Beim Tippen in schnellen Shootern wie Counter-Strike 2 oder bei langen Schreibsessions zeigt sich die Qualität der Schalter. Die Akustik des Betongehäuses wirkt dämpfend und sorgt für ein tiefes, sattes Geräusch bei jedem Anschlag.

  • Switches: Vorinstallierte, geschmierte Keychron-Schalter
  • Stabilität: Kein Wackeln, kein Rutschen, selbst bei hektischen Tastenkombinationen
  • Verbindung: Kabellos via 2,4 GHz oder Bluetooth, optional USB-C

Der eine Haken am Design

Trotz der exzellenten Verarbeitung stört ein winziges Detail im täglichen Gebrauch. Der Beton ist extrem empfindlich gegenüber Handschweiß und kleinen Kratzern.
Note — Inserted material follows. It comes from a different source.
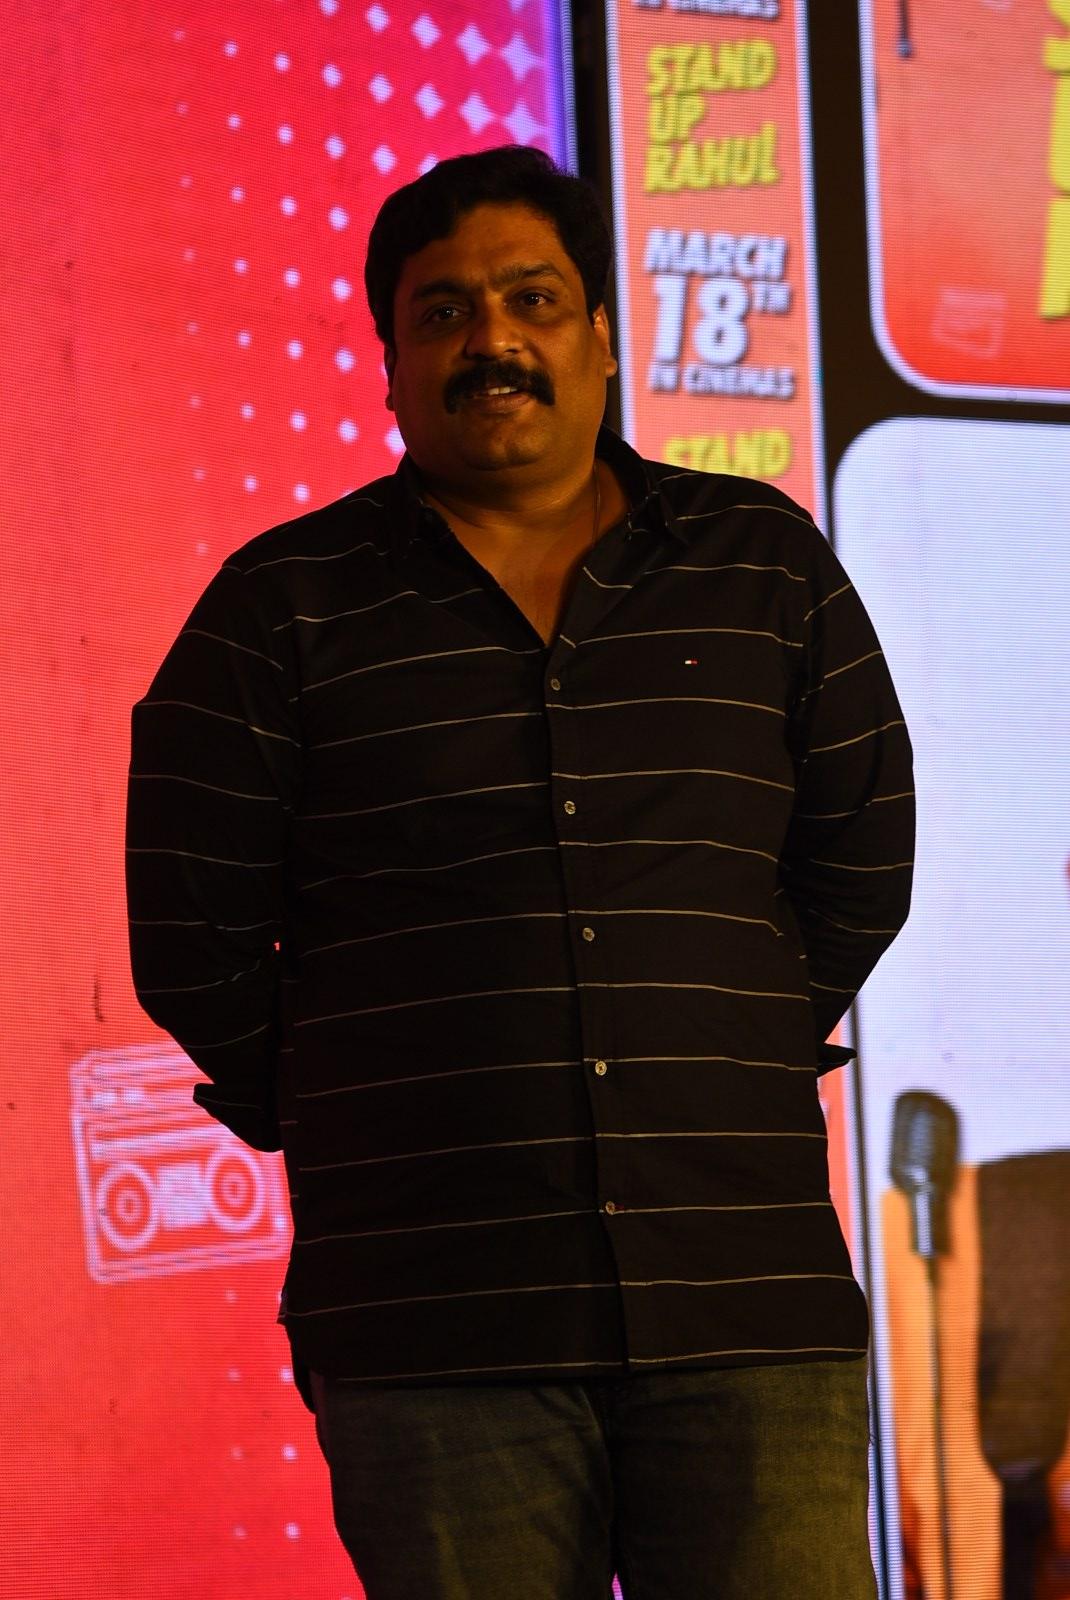 Stand Up Rahul Movie Pre Release Event 366
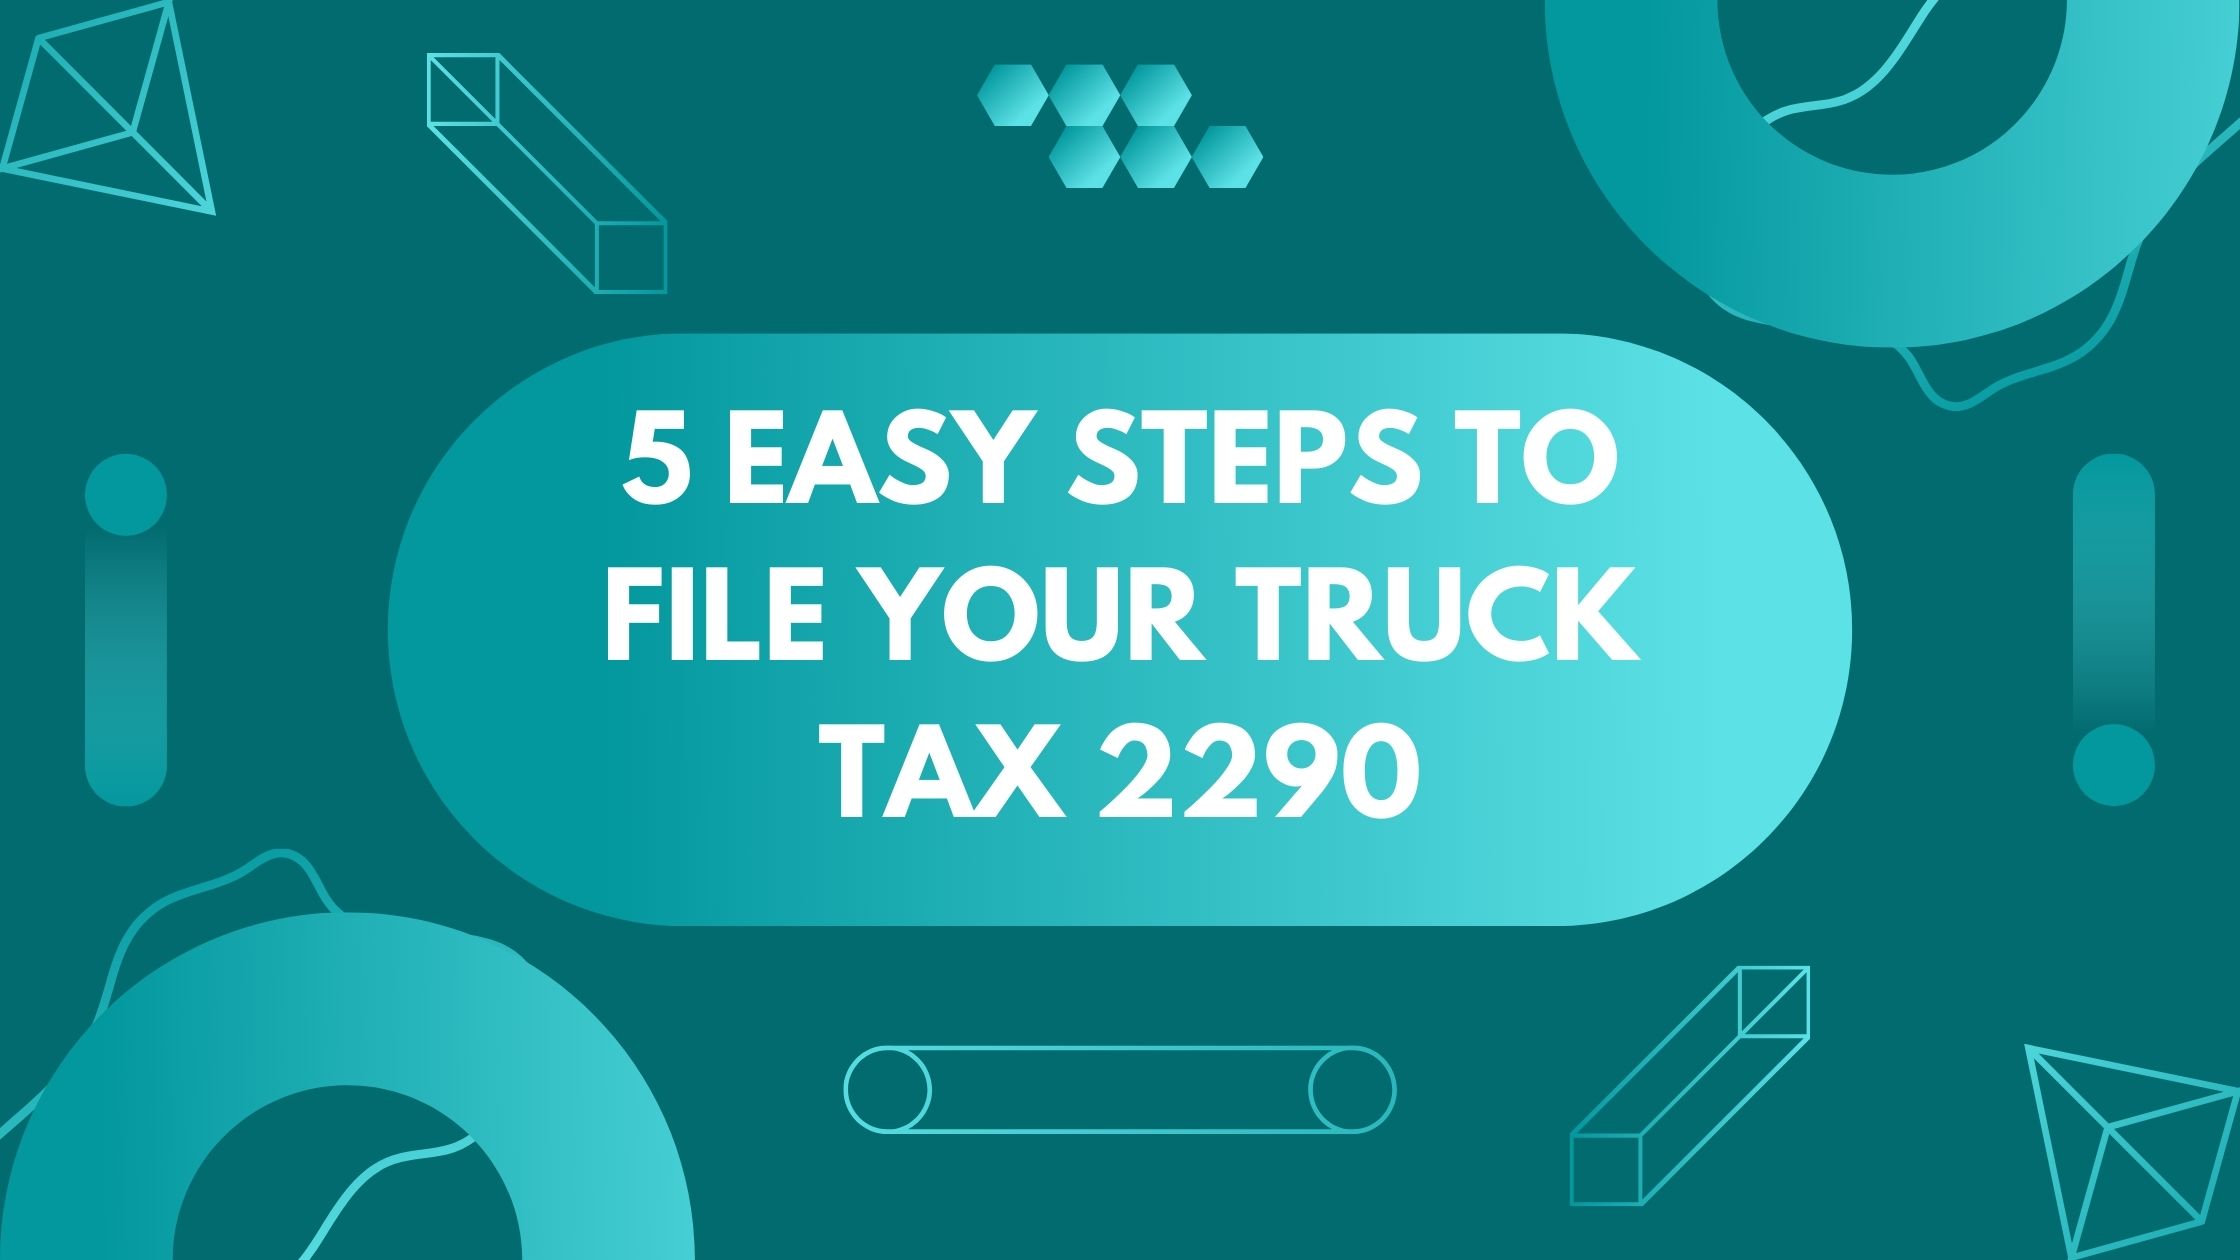 5 EASY STEPS TO FILE YOUR TRUCK TAX 2290

  • Staubanfälligkeit: Die raue Oberfläche zieht Partikel magisch an
  • Reinigung: Feuchte Tücher hinterlassen oft Schlieren auf der porösen Textur
  • Ergonomie: Die scharfen Kanten des Betonblocks können bei längerer Nutzung ohne Handballenauflage unangenehm drücken

Fazit zur Nutzung

Nach einem Monat intensiver Tests bleibt das Gerät ein spezielles Liebhaberstück. Die Keychron Q0 Max bietet eine Präzision, die man bei Kunststoffmodellen selten findet.

  • Zielgruppe: Liebhaber von schwerer Industrie-Ästhetik
  • Preis-Leistung: Hohe Anschaffungskosten für ein Nischenprodukt
  • Beobachtung: Das Gehäuse fühlt sich nach vier Wochen Nutzung immer noch genau so kühl an wie am ersten Tag.